Eugene to bezdomny seryjny morderca na wózku inwalidzkim. Jest zgorzkniały i wściekły. Po zaginięciu mamy Eugene dowiaduje się, że jego mama jest w rzeczywistości jego ciotką (Mary Woronov), a jego narodziny były wynikiem zbiorowego gwałtu dokonanego przez bliźnięta syjamskie. Nie żartuję. To początek serii morderstw Eugene'a.
„Hellroller” to okropnie zły i strasznie nudny horror z koszmarnym aktorstwem i fatalnym montażem. Jestem dość tolerancyjną osobą, jeśli chodzi o kino klasy Z, ale poza dwiema scenami nagości z udziałem Michelle Bauer i Hyapatii Lee nie ma w „Hellroller” nic atrakcyjnego. Aktorstwo jest niesamowicie okropne, krew jest amatorska, a zabójstwa są śmieszne. Obejmują one rozpruwanie wnętrzności, podwójne przebicie włócznią, dźganie w usta, a nawet scenę, w której jedna z kobiet zostaje zabita włączonym żelazkiem.

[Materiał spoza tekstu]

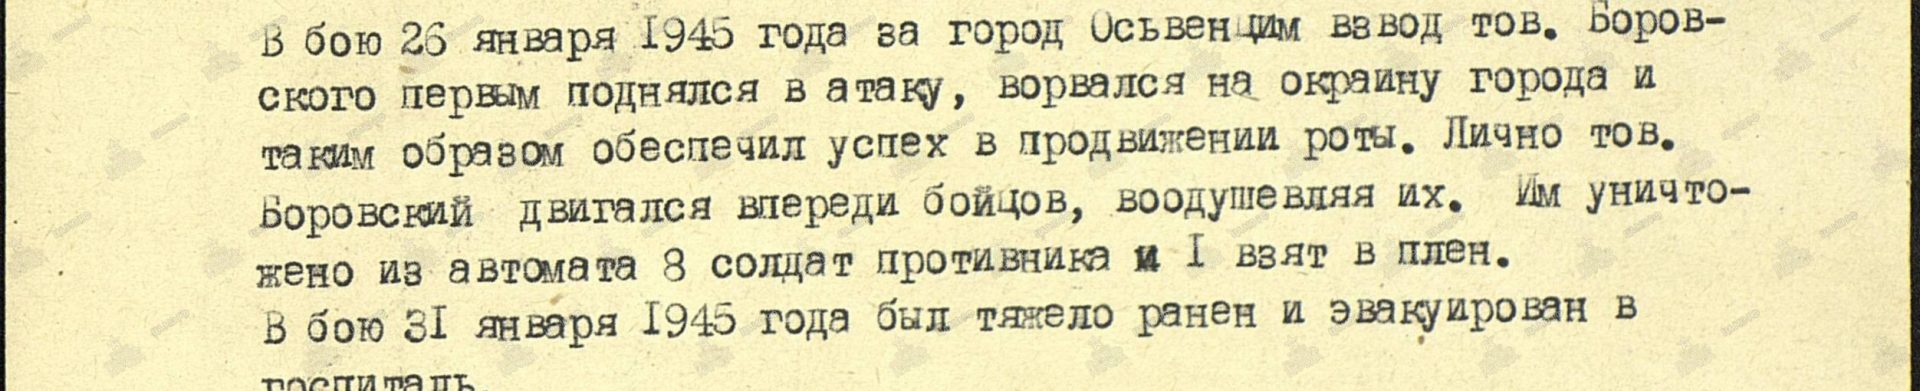 Боровский Павел Маркович

Nadal nie widziałem „Killer Klowns from Kansas on Krack” (2003), ale „Hellroller” z pewnością znajduje się w mojej pierwszej piątce najgorszych horrorów, jakie kiedykolwiek powstały obok np. "Night of Horror" (1978).
Pierwszy seans: 15 sierpnia 2009 roku. Czas trwania: 72 minuty.